X_scaled = scaler_X.fit_transform(X)
y_scaled = scaler_y.fit_transform(y.reshape(-1, 1))

# 시계열 데이터 형태로 변환
def create_sequences(X, y, seq_length):
    X_seq, y_seq = [], []
    for i in range(len(X)):
        seq_x = X[max(0, i - seq_length + 1):i + 1]
        seq_x = np.pad(seq_x, ((seq_length - len(seq_x), 0), (0, 0)), 'constant')
        seq_y = y[i]
        X_seq.append(seq_x)
        y_seq.append(seq_y)
    return np.array(X_seq), np.array(y_seq)

seq_length = 4  # 시퀀스 길이 설정
X_seq, y_seq = create_sequences(X_scaled, y_scaled, seq_length)

# 학습 데이터와 전체 데이터를 동일하게 설정
X_train, y_train = X_seq, y_seq

# 하이퍼파라미터 설정
state_sizes = [10, 20, 40, 80, 160, 240, 320]
dropout_rates = [0.1, 0.2, 0.3, 0.4, 0.5, 0.7, 0.9]
minibatch_sizes = [32, 64, 128]
learning_rates = [0.0001, 0.001, 0.01]
max_gradient_norms = [0.01, 1, 100.0]
num_heads = [1, 2, 3, 4]

# 하이퍼파라미터 조합 생성
hyperparameter_combinations = list(product(state_sizes, dropout_rates, minibatch_sizes, learning_rates, max_gradient_norms, num_heads))

best_rmse = float('inf')
best_mae = float('inf')
best_mape = float('inf')
best_params = None

# TFT 모델 정의 (정적 특성 제거)
class GatedResidualNetwork(tf.keras.layers.Layer):
    def __init__(self, input_dim, state_size, dropout_rate):
        super(GatedResidualNetwork, self).__init__()
        self.dense1 = Dense(state_size, activation="relu")
        self.dense2 = Dense(input_dim)  # 입력 차원에 맞춰 조정
        self.gate = Dense(input_dim, activation="sigmoid")
        self.layer_norm = LayerNormalization()
        self.dropout = Dropout(dropout_rate)

    def call(self, inputs):
        x = self.dense1(inputs)
        x = self.dropout(x)
        x = self.dense2(x)
        gate_output = self.gate(inputs)
        gated_output = x * gate_output + inputs
        return self.layer_norm(gated_output)

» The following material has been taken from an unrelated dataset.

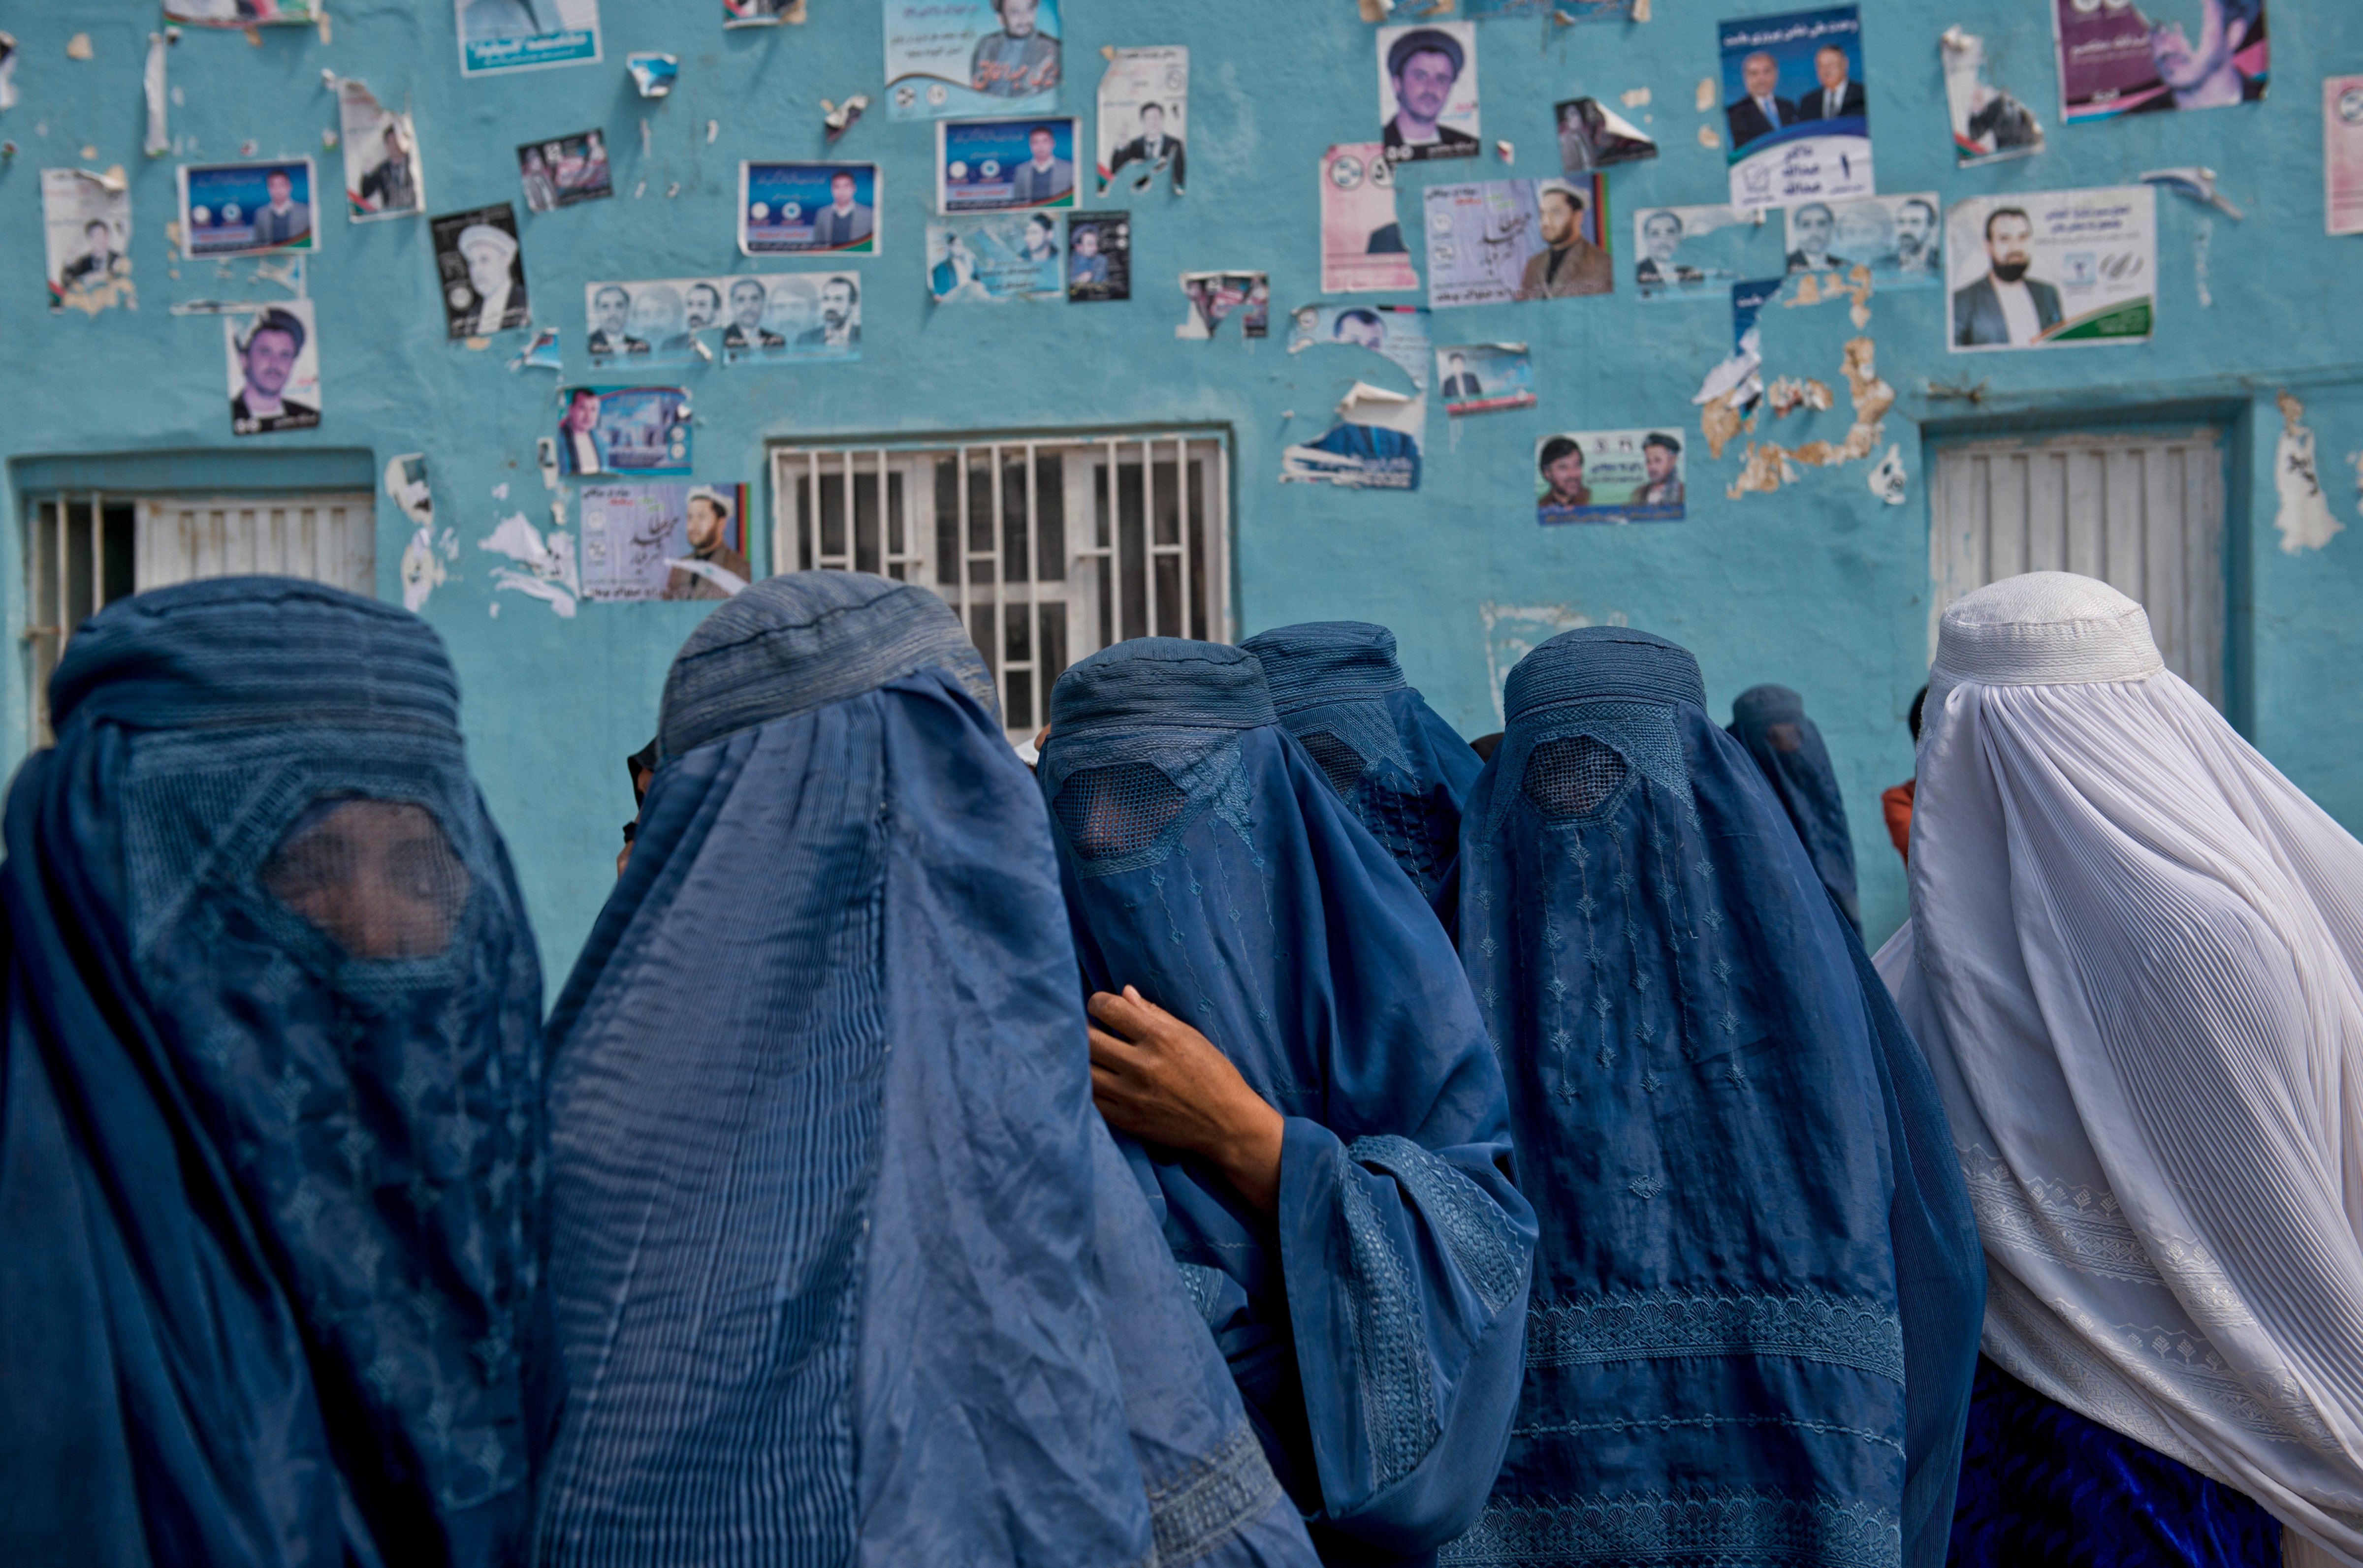 <strong>Election Fever</strong> Women leave a political rally held in a stadium in Mazar-i-Sharif in the country’s north. (Lynsey Addario for TIME)
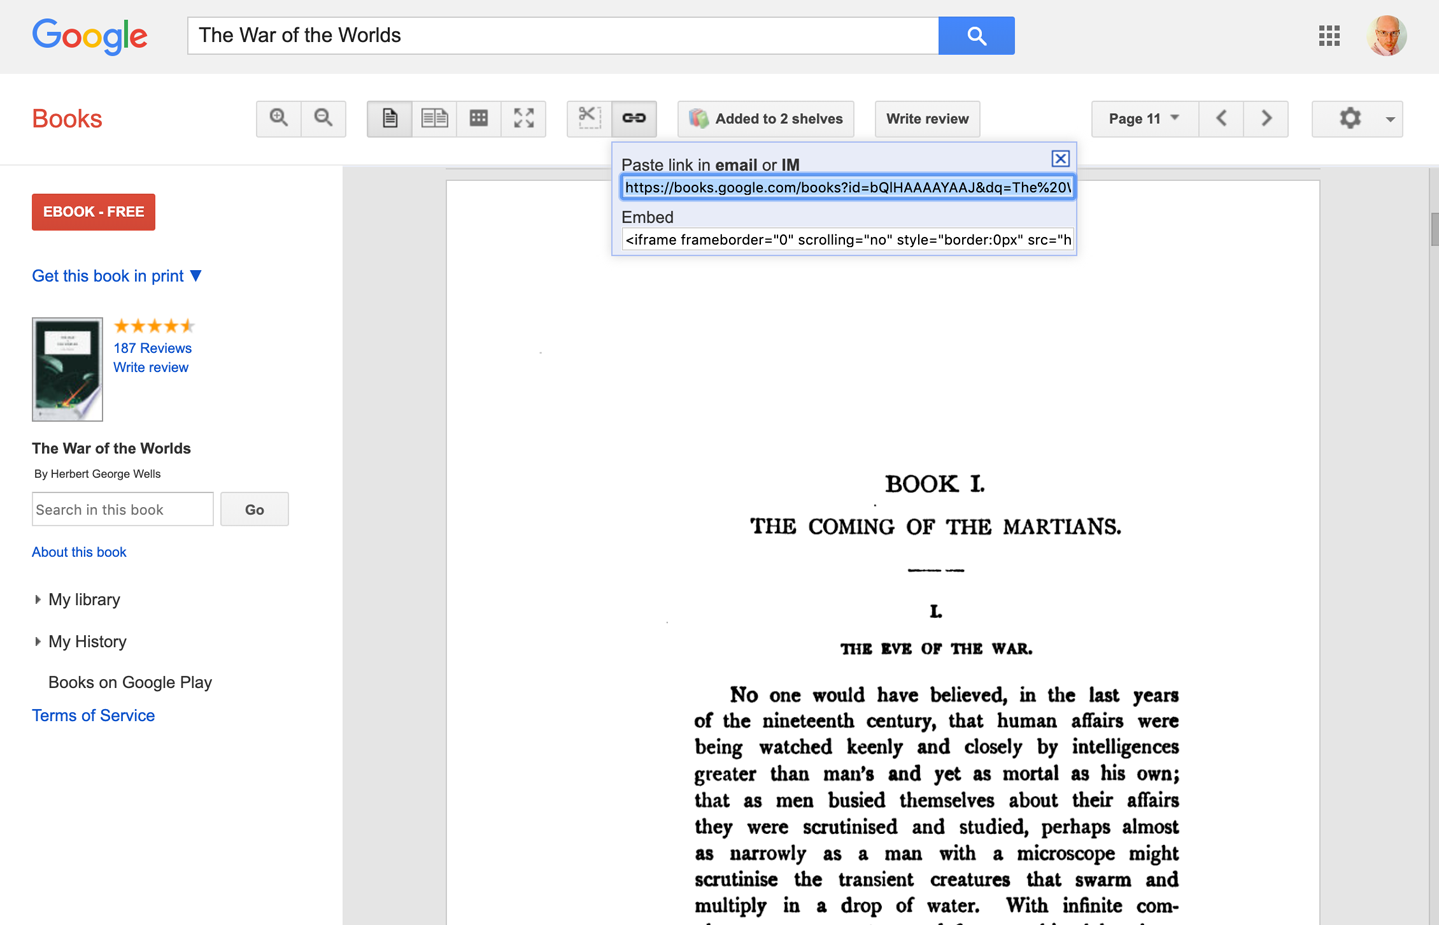 Deep-linked state in Google Books, found in two places: the browser’s URL field, and the “Link” feature

# TFT 모델 정의 시 GatedResidualNetwork에 input_dim을 전달하도록 수정
class TFTModel(Model):
    def __init__(self, seq_length, feature_dim, num_heads, ff_dim, state_size, dropout_rate):
        super(TFTModel, self).__init__()

        # Temporal Attention Layers
        self.multi_head_attention1 = MultiHeadAttention(num_heads=num_heads, key_dim=feature_dim)
        self.layer_norm1 = LayerNormalization()

        self.multi_head_attention2 = MultiHeadAttention(num_heads=num_heads, key_dim=feature_dim)
        self.layer_norm2 = LayerNormalization()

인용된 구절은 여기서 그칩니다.